- _Directions_:
Skipping any pictures, repeat exactly and only the lines from the one that holds "2014-10-25 Playoff Hunting David Ousted.jpg" to the last line of the material, both included.

- _Recorded data_:
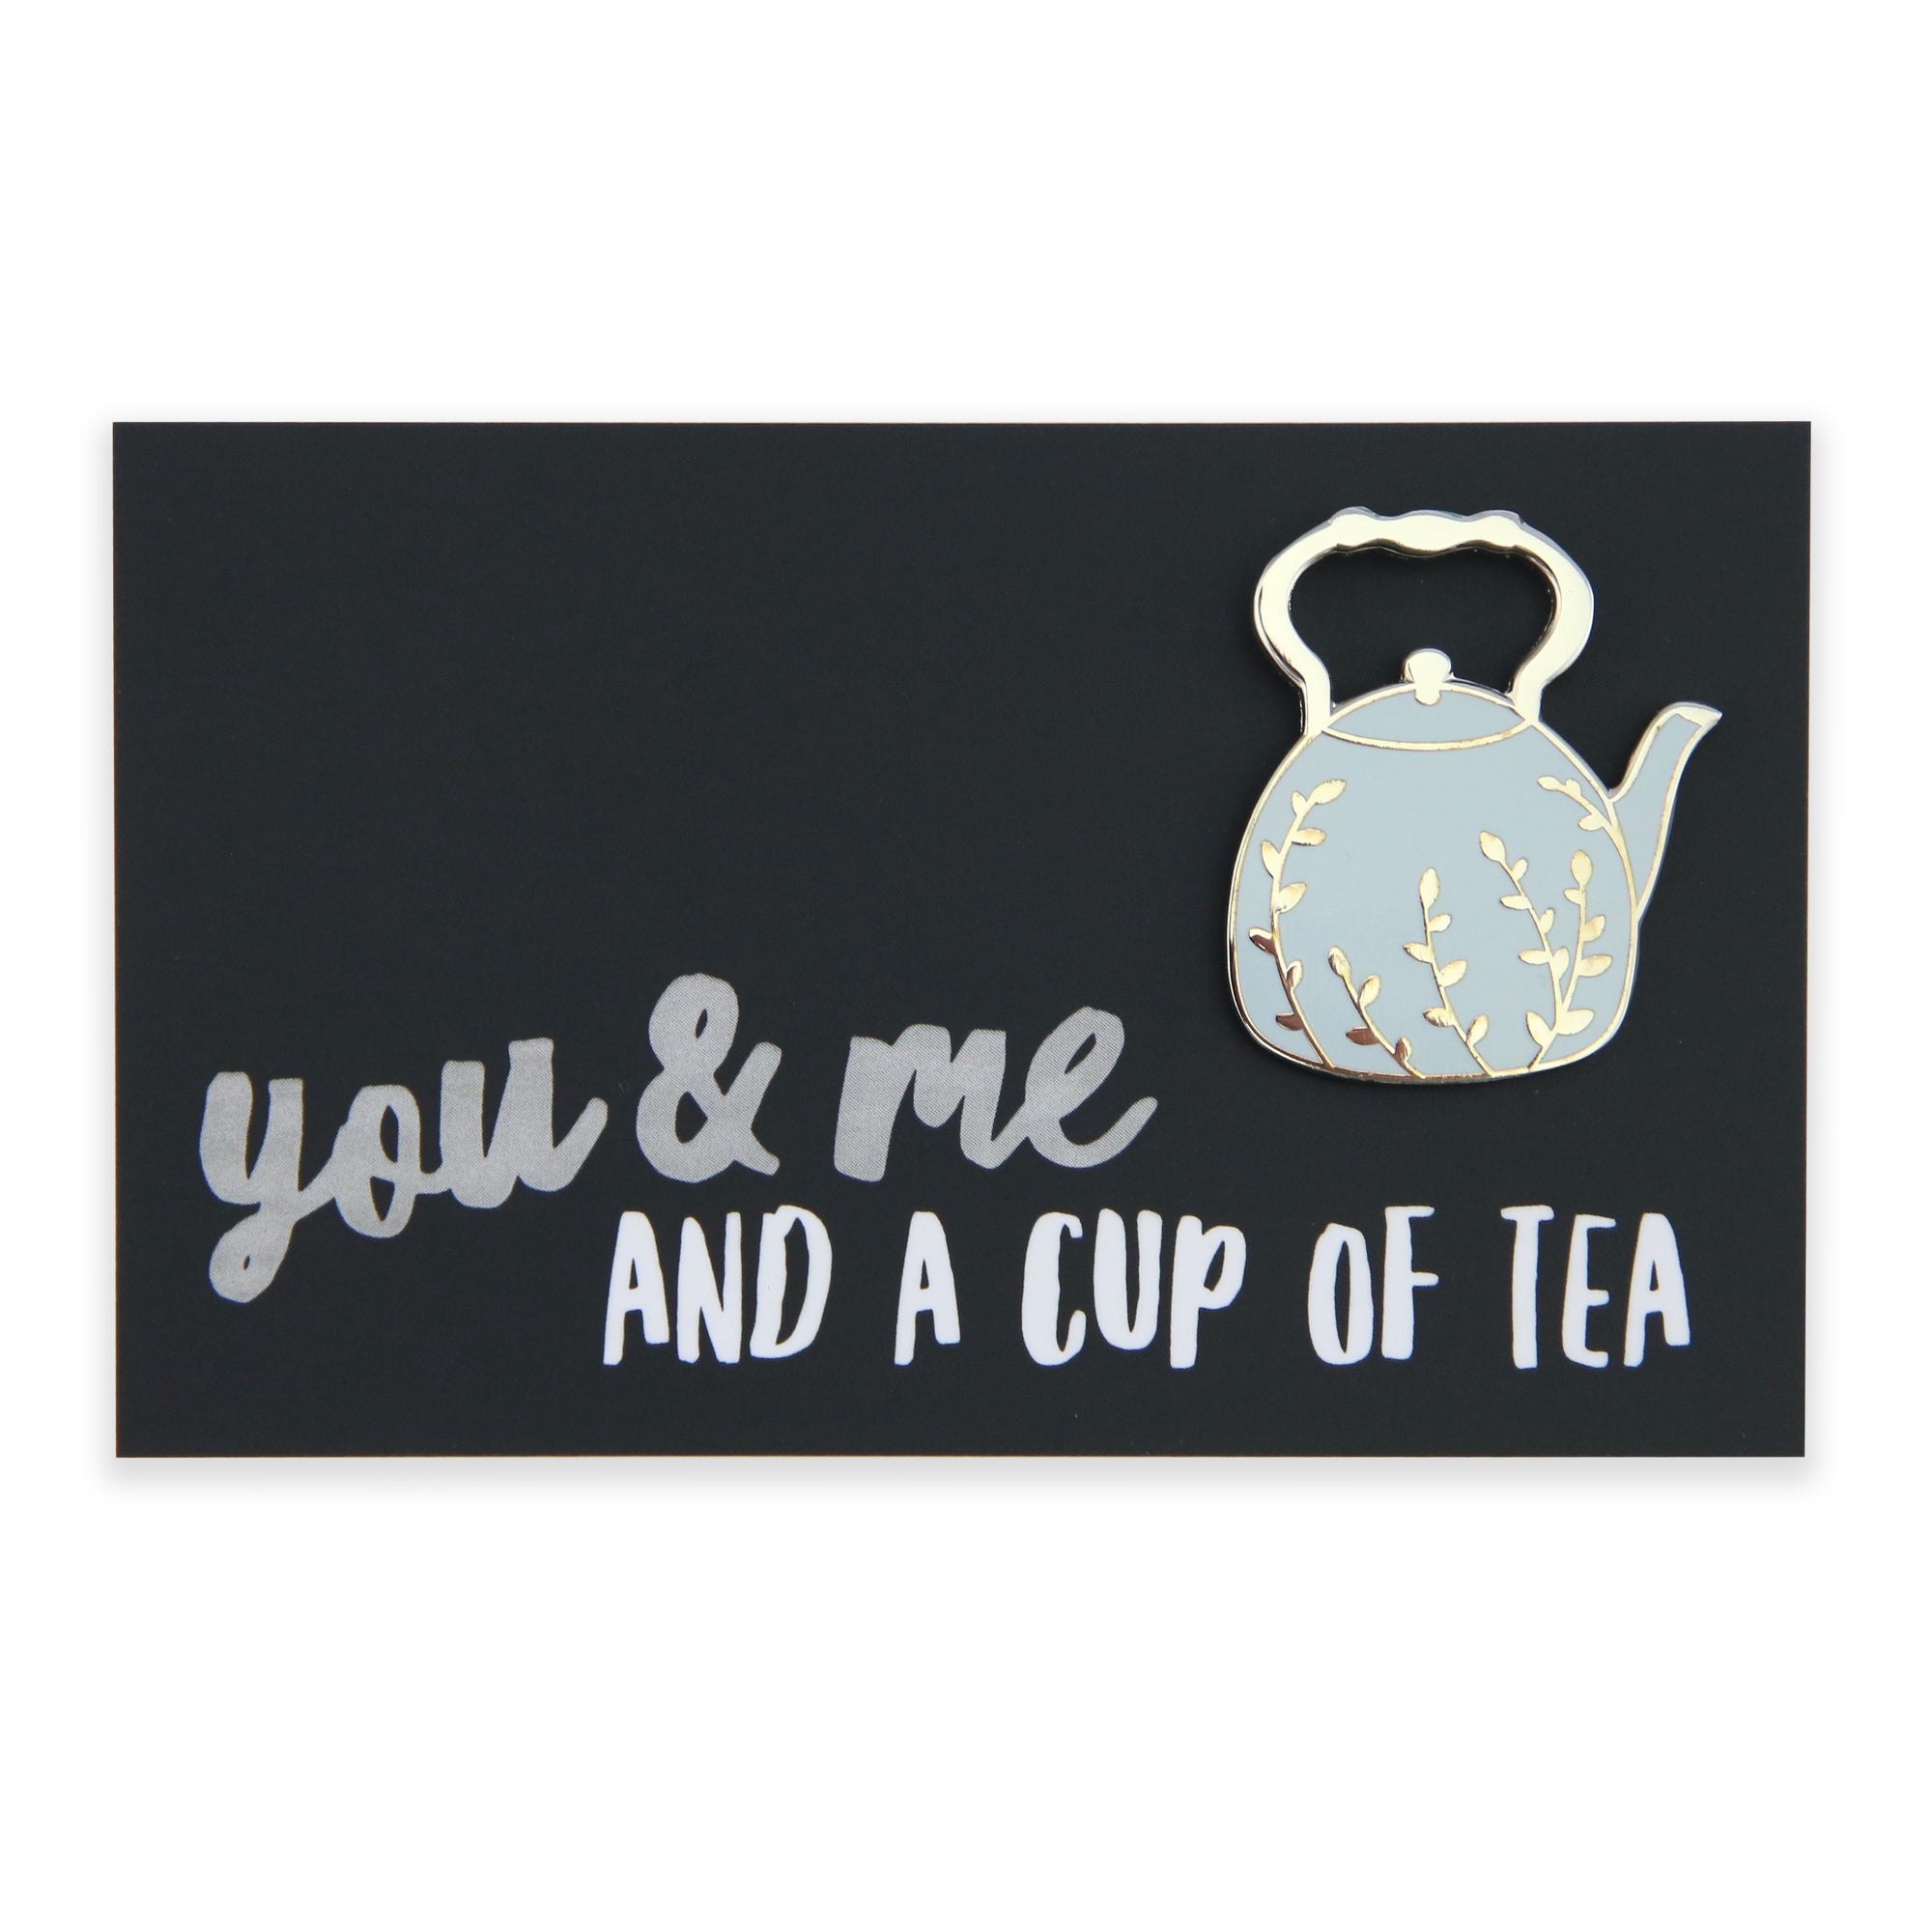 You & Me and a Cup of Tea - White and Gold Teapot Enamel Badge Pin - (12261)
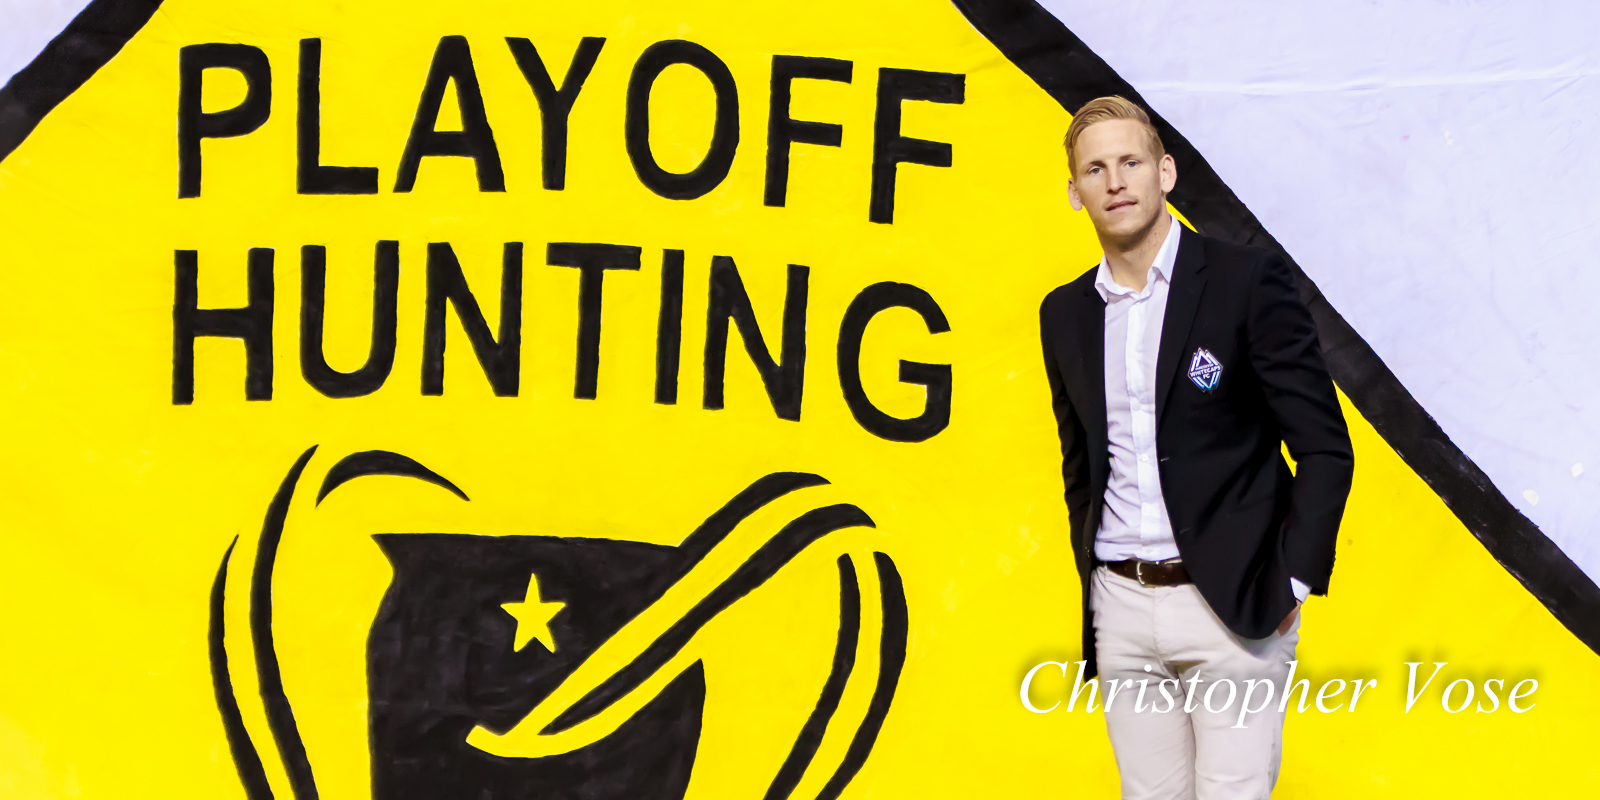 2014-10-25 Playoff Hunting David Ousted.jpg
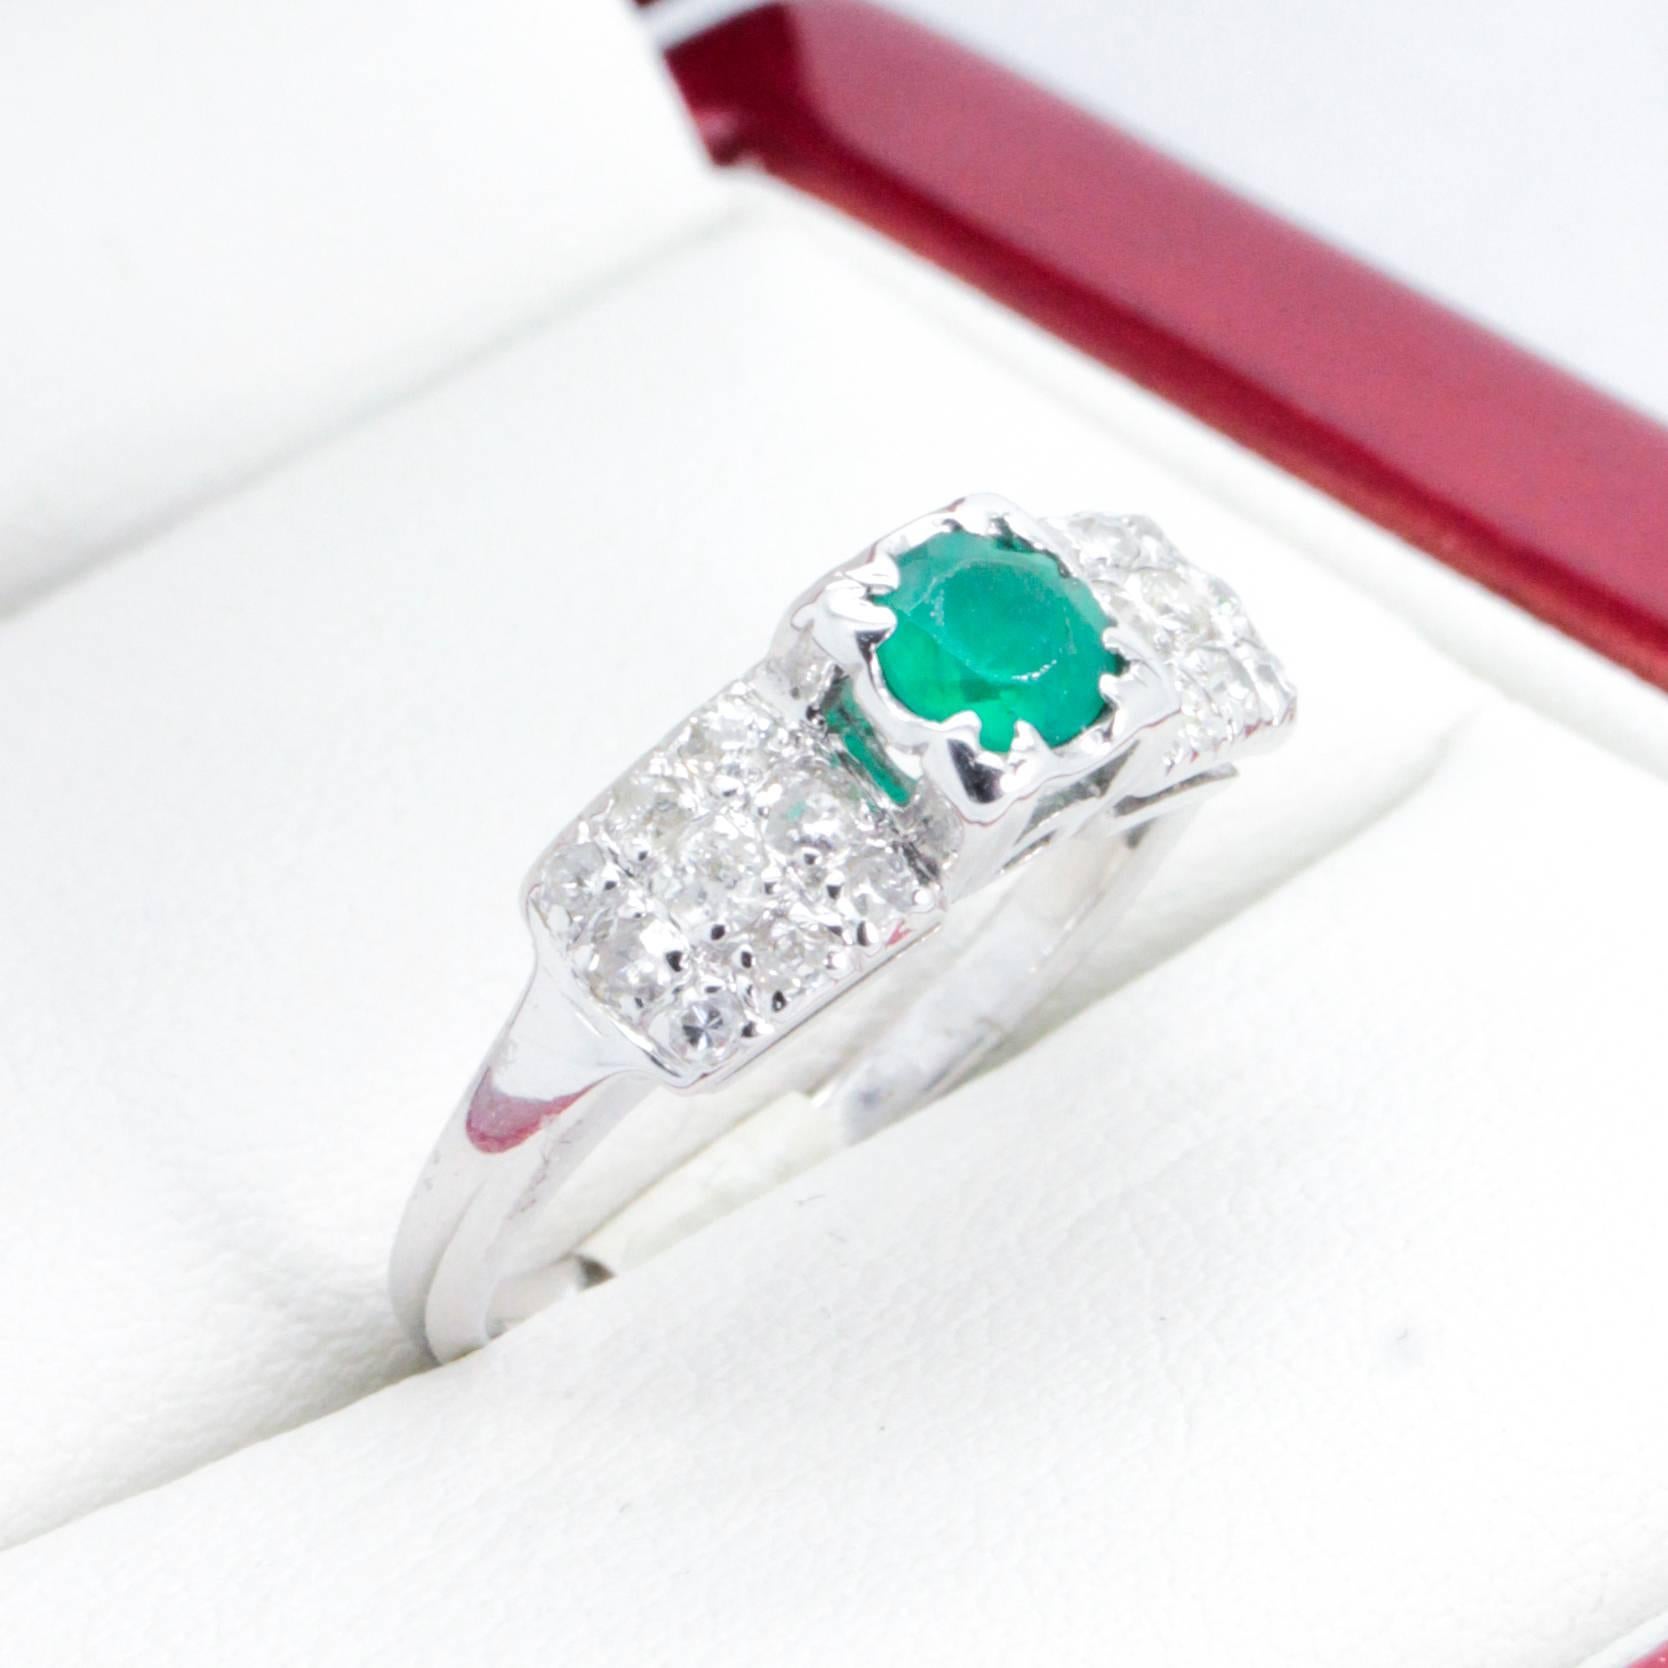 Vintage Emerald and Diamond Engagement Ring In Excellent Condition For Sale In Sydney CBD, AU

- _Answer for the task_:
 2014-10-25 Playoff Hunting David Ousted.jpg
 Vintage Emerald and Diamond Engagement Ring In Excellent Condition For Sale In Sydney CBD, AU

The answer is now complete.